The Saudi naval blockade of the western port of Hodeida, through which 90 percent of Yemen’s food and basic commodities normally pass, has been a major factor in creating the humanitarian disaster that has, according to the charity Save the Children, seen 85,000 children under the age of five starve to death in the past three years. (Appalling that the UK government supports Saudi regime, by Ken Livingstone, RT, 5 March 2019)
Jeremy Hunt lies about the Stockholm agreement
Eager to be of service to Riyadh in its war of plunder and domination, and mindful of the big stake Britain’s arms industry has in seeing the war prolonged (in the first year of bombardment, Britain sold £3.3bn worth of arms to the Saudis, 30 times more than it had sold in the year before it started), Britain’s pipsqueak foreign secretary Jeremy Hunt was quick to try and muddy the waters post Stockholm, falsely claiming that Hodeidah “was supposed to be cleared of militia and left under neutral control by the beginning of January”.
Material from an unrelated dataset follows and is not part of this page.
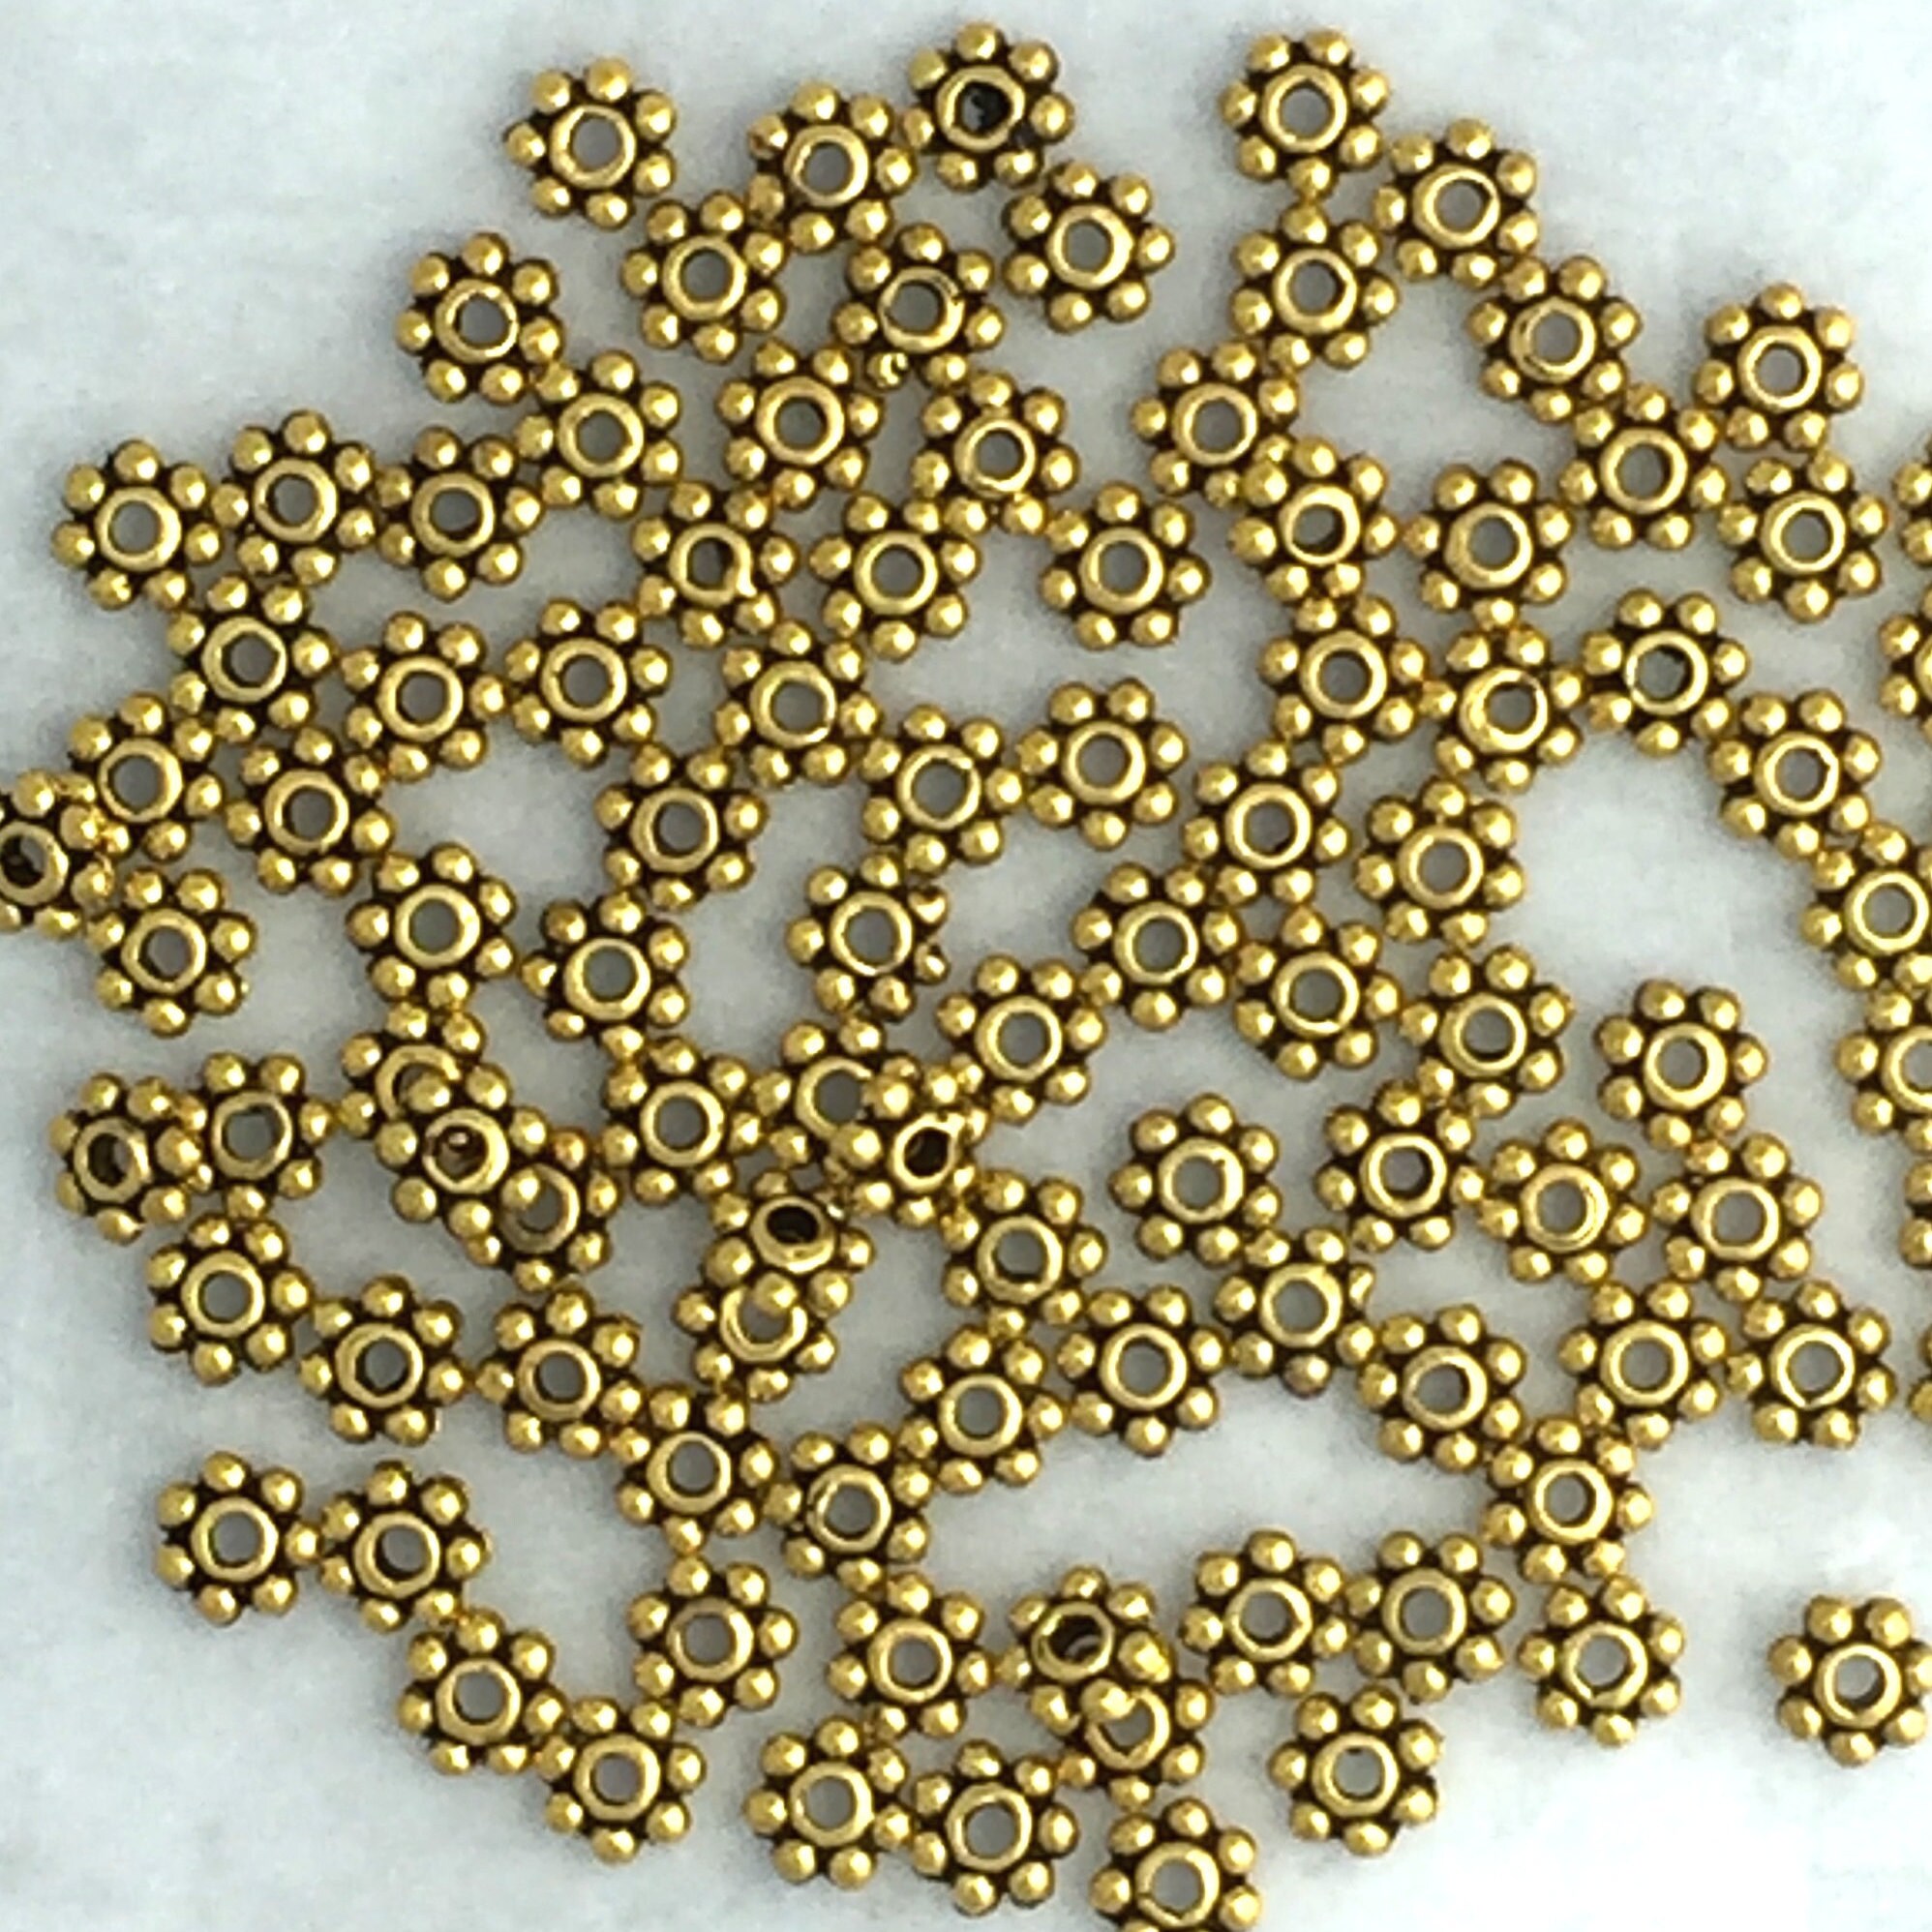  1250 Pieces Gold Spacer Beads for Jewelry Making, Gold Round  Beads and Gold Flat Clay Beads for Bracelets Making, Small Gold Filled  Beads for Jewelry Making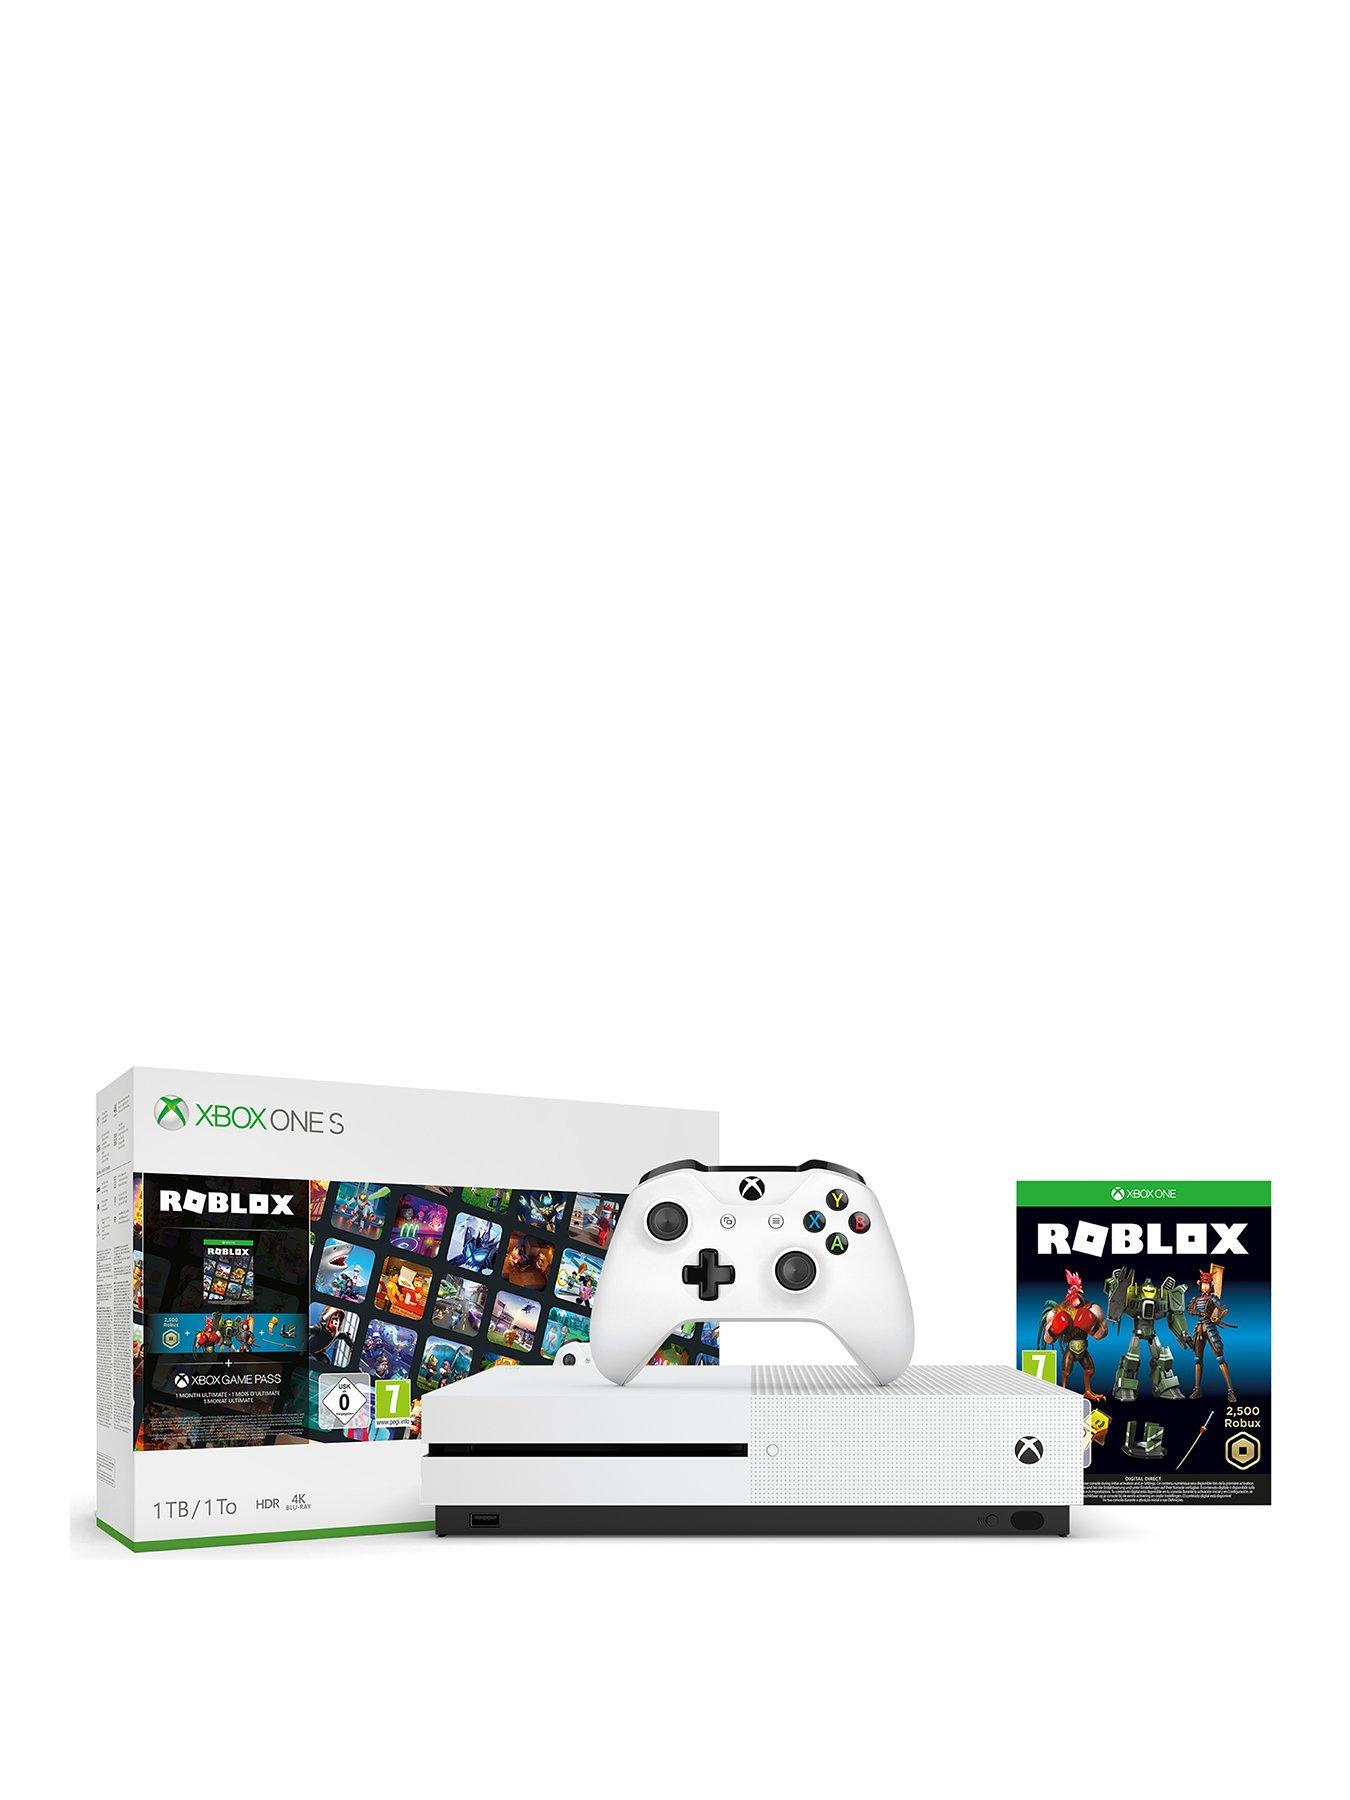 Xbox One S With Roblox Bundle And Optional Extras 1tb Console White Very Co Uk - xbox one pack roblox

Ansarullah spokesman Mohammed Abdul-Salem noted that the agreement made no mention of handing Hodeidah to a neutral party, simply stipulating that it be patrolled by an unspecified “local force” with UN observers in attendance. (British elite reap benefits of Saudi-led war on Yemen, RT, 18 January 2019; and Yemen’s rebels say UK foreign secretary ‘misrepresents’ agreements on Hodeidah, RT, 4 March 2019)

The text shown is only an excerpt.